Predicting Intra-Urban Migration and Slum Formation in Developing Megacities Using Machine Learning and Satellite Imagery

Abstract

The exponential growth in slums across developing megacities is one of the most pervasive and pressing issues of the 21st century. The inability of infrastructure and services to keep pace with rapid urban migration is increasingly becoming the norm. Traditional mechanisms of surveying urban population, based on expensive and time-consuming censuses, or laborious ground-sampling are not scalable or often too late for pre-emptive action. This study proposes a scalable approach to predicting urban dynamics at sub-city scales by marrying Machine Learning (ML) with multi-spectral satellite data to predict intra-urban migration patterns and likely new slum development or expansion.
Our approach utilizes high-resolution multi-temporal satellite imagery data (Sentinel-2, Landsat) and high-resolution commercial imagery (Maxar, Planet Labs) in a two-pronged analysis. Initially, we will conduct a computer vision-driven semantic segmentation of the urban environment using Convolutional Neural Networks (CNNs) to identify and map current slum areas based on a composite of visual features such as building density, roof types, road network patterns, and lack of vegetation cover. Following this, we will engineer a comprehensive spatiotemporal dataset, extracting a host of time-variant and invariant features, including:
● Physical Indicators: Night-time light intensity, land surface temperature anomalies, vegetation index (NDVI), and built-up density (NDBI).
● Accessibility Metrics: Distance to employment centers, transport infrastructure, and existing slums.
● Socio-economic Proxies: Employment density, environmental risk factors, and land value.
The resulting dataset will train and test predictive ML models, framed as a classification problem (predicting high-risk pixels or zones for transition to slums) and a regression problem (estimating the rate of informal settlement densification). Ensemble methods (Random Forest, Gradient Boosting Machines like XGBoost), and sequence models (Recurrent Neural Networks like LSTMs) will be evaluated to capture the complex, non-linear precursors to slum formation. Training will involve historical data from a rapidly urbanizing city, teaching the model the signature of urban change that led to slum developments, and then tested on temporal and spatial data that is held out.
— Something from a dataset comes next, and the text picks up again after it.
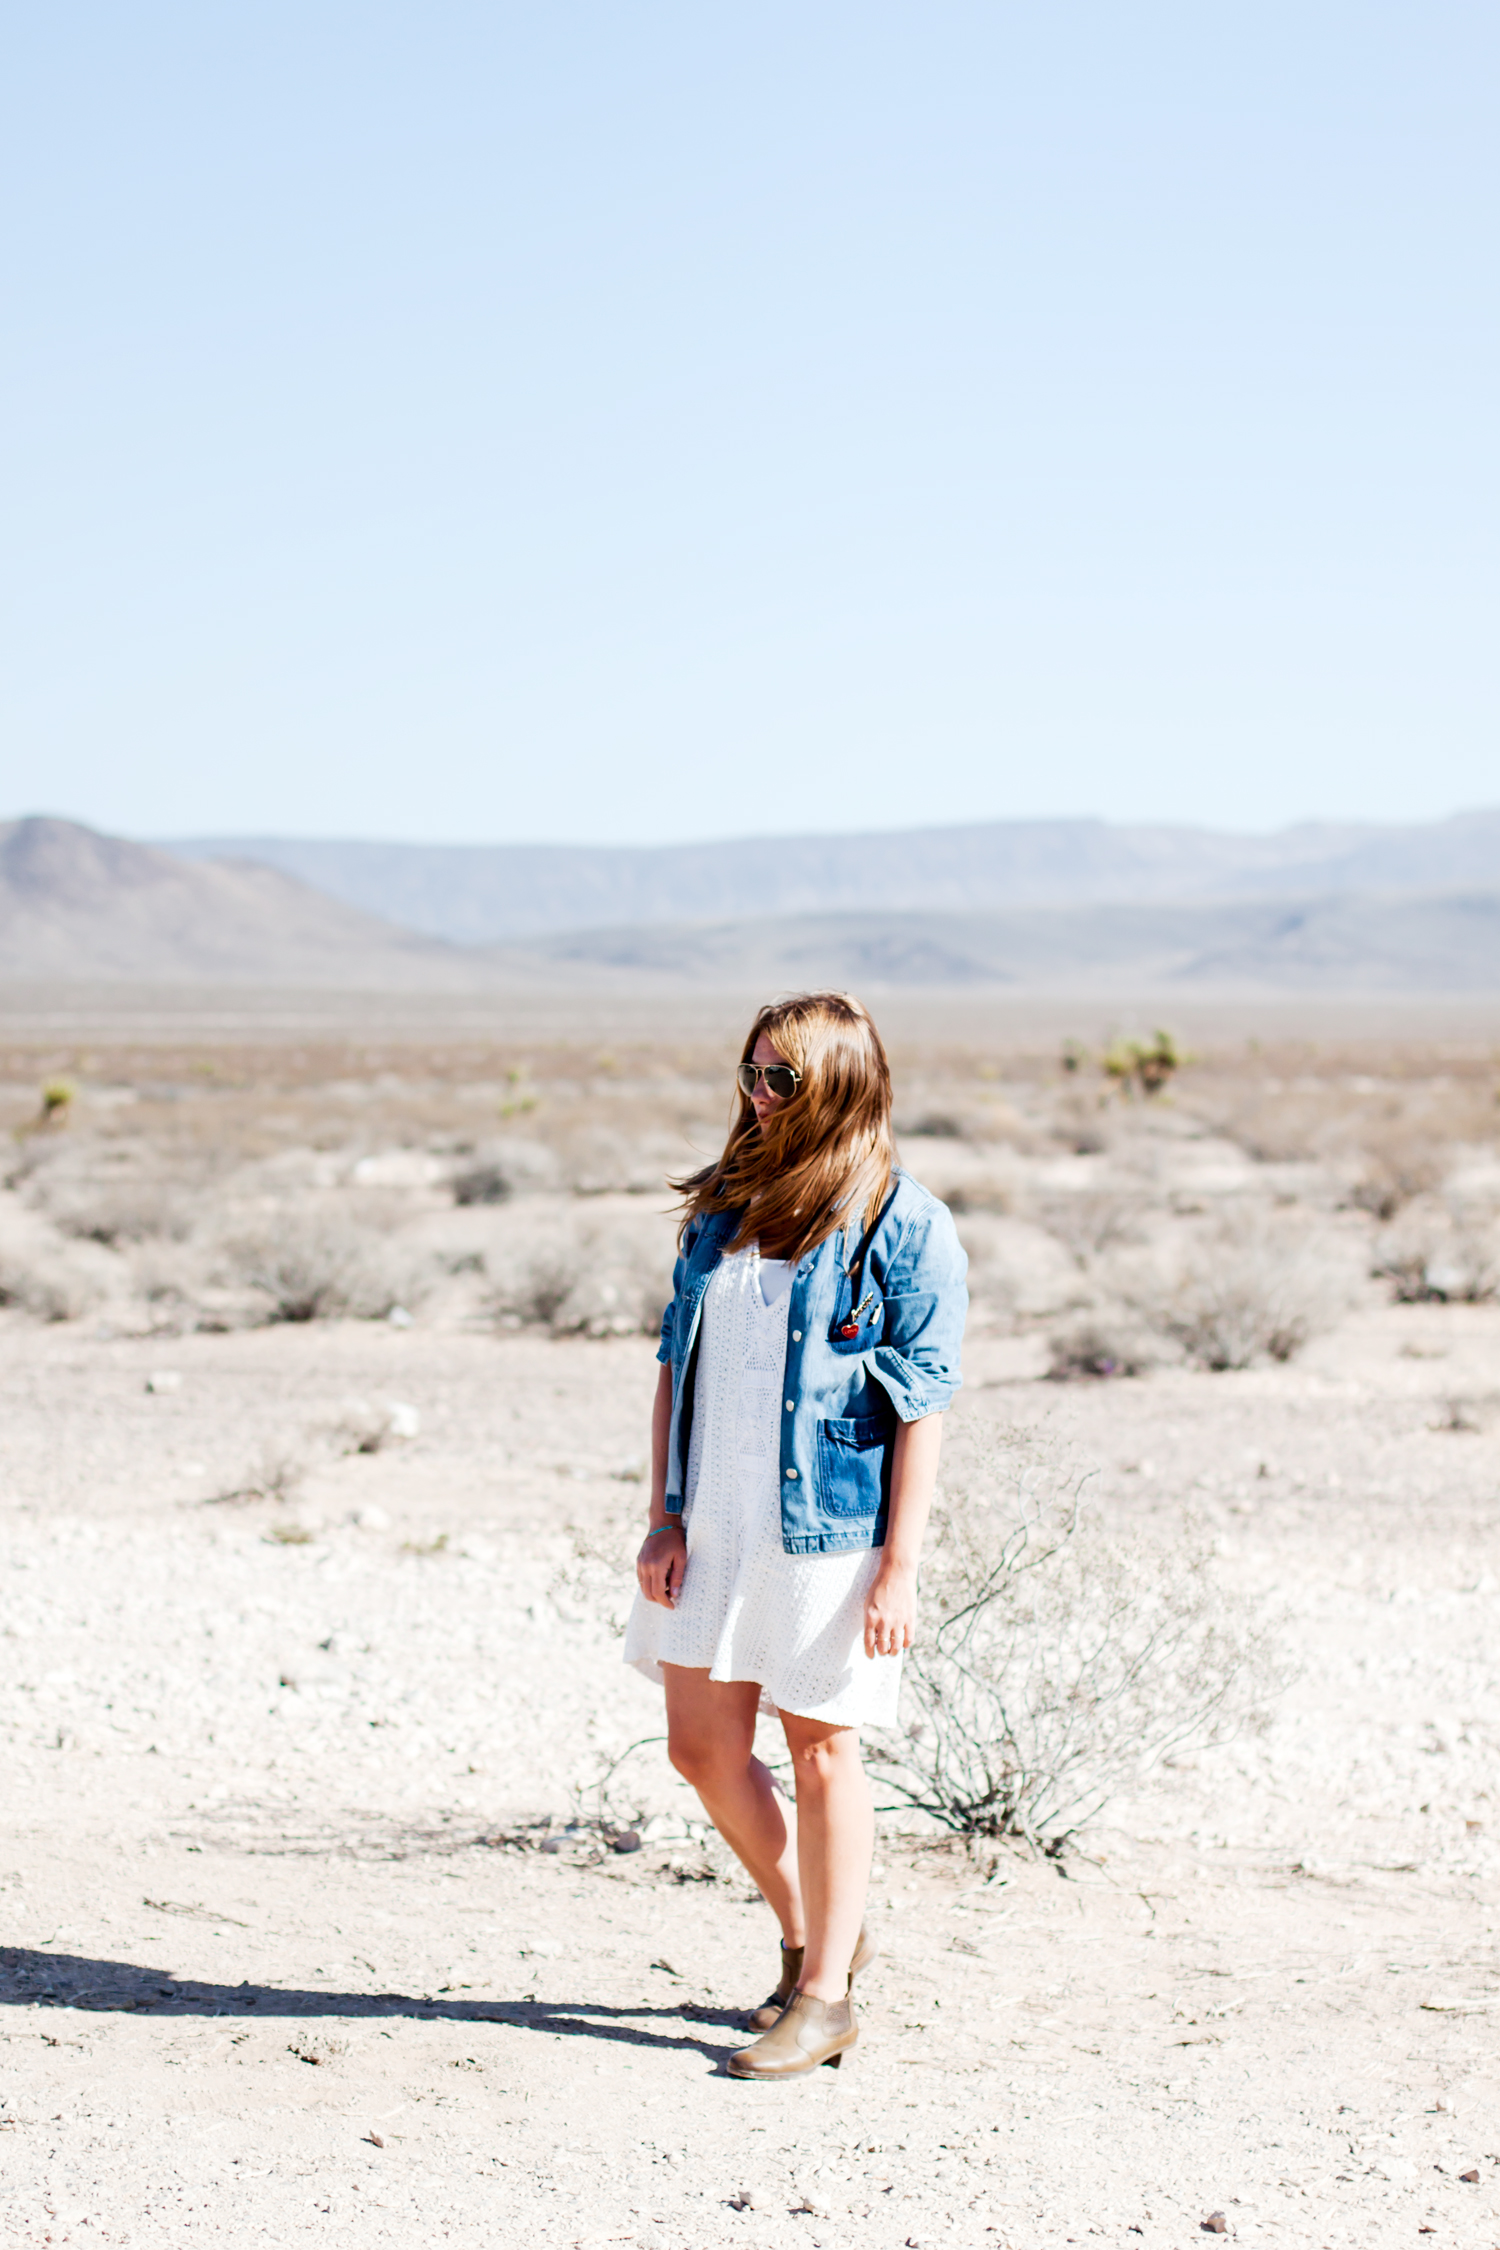 desertdreaming_2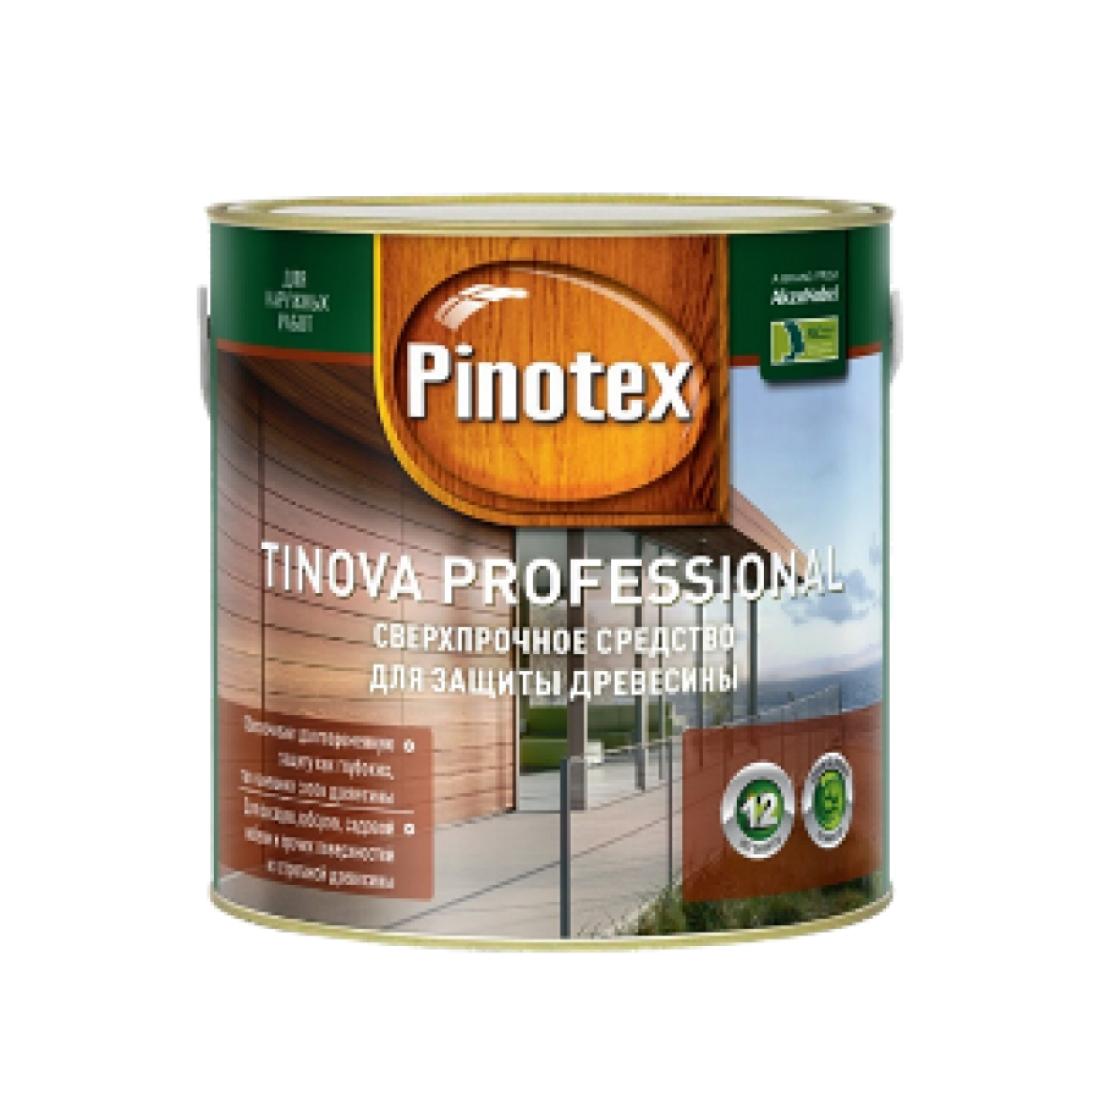 PINOTEX TINOVA цветной антисептик для профессиональной защиты, гарантия 12 лет! (5л) Палисандр

The ultimate deliverable of this work is a dynamic, high-resolution risk map of potential sites for future slum development. This forward-looking approach is a paradigm shift in slum and urban risk governance from a reactive to a pre-emptive framework. The results of this study will arm urban planners, policy makers and humanitarian organizations with an early-warning signal to target infrastructure investment and land-use zoning before expansion occurs, and to pre-emptively provide urban services such as water, sanitation, and housing, helping to steer urban growth towards a more sustainable, resilient and inclusive future.